1. For each candidate split point `i`, compute the mean of the segment so far (from the last change-point up to `i`) and the mean of the next `window` points.
2. Compute the standard error of the difference: `SE = sqrt(var_before/n_before + var_after/n_after)`.
3. If `|mean_after - mean_before| / SE > threshold`, it's a change-point.
4. Both variances are floored by a global MAD-based sigma estimate, so locally-tiny variance (from short or smooth segments) can't blow up the test statistic.

This is the 1-D specialization of GIGI's `/brain/episodic` endpoint — one of [twelve brain primitives](https://github.com/nurdymuny/gigi/blob/main/BRAIN_PRIMITIVES_CONSUMER_GUIDE.md) unified by the Friston master equation on a Kähler bundle. gigi-episodes makes this single primitive portable; the eleven others live in GIGI.

## License

MIT. Free for any use, commercial or otherwise.
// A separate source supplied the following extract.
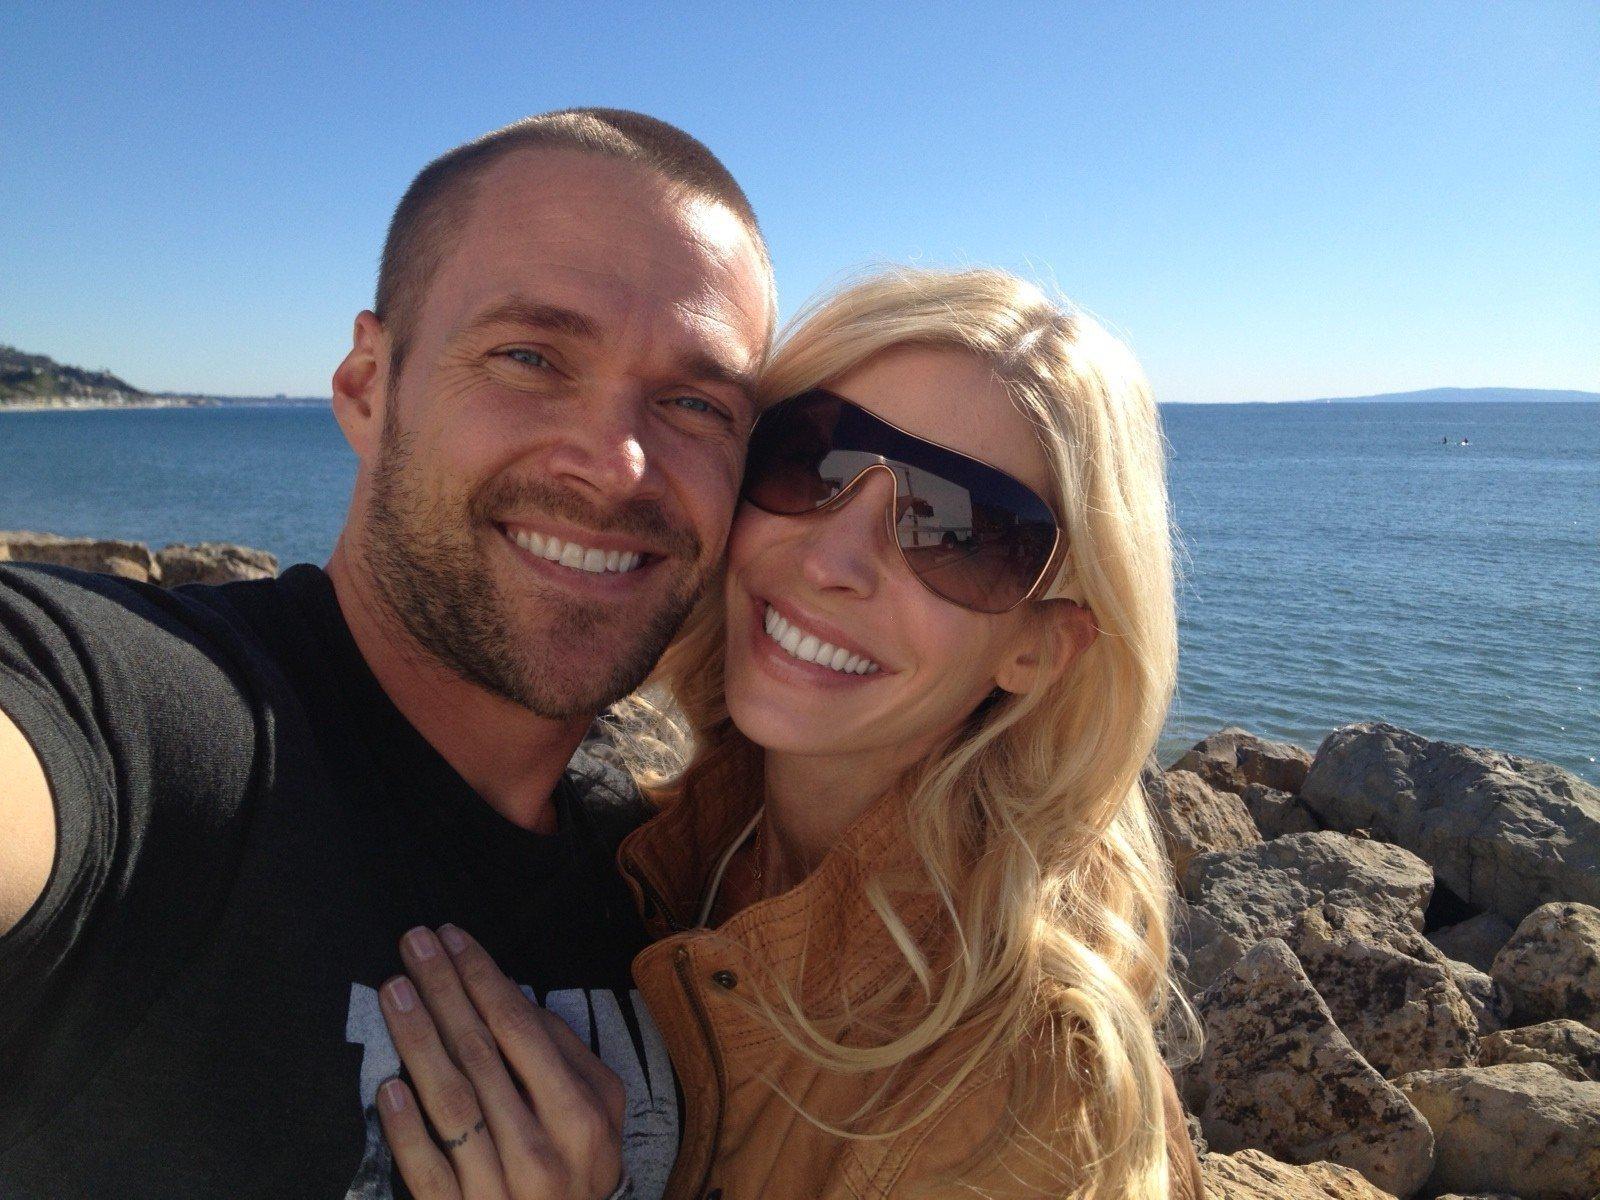 Heidi Powell and husband, Chris Powell at California beach https://heidipowell.net/198

See [LICENSE](LICENSE).

## Related

- [GIGI](https://davisgeometric.com) — the fiber-bundle database engine; gigi-episodes's `GigiBackend` calls it. EPISODIC is one of twelve brain primitives.
- [DreamData](https://github.com/nurdymuny/dream-data) — synthetic-data CLI using GIGI's DREAM primitive. Sibling project.
- [gigi-mind](https://github.com/nurdymuny/gigi-mind) — VS Code extension exposing all twelve brain primitives. Sibling project.

## Status

**v0.1.0** — stable for the documented surface (1-D LocalBackend + CLI + GigiBackend skeleton). API may evolve in 0.x; will stabilize at 1.0.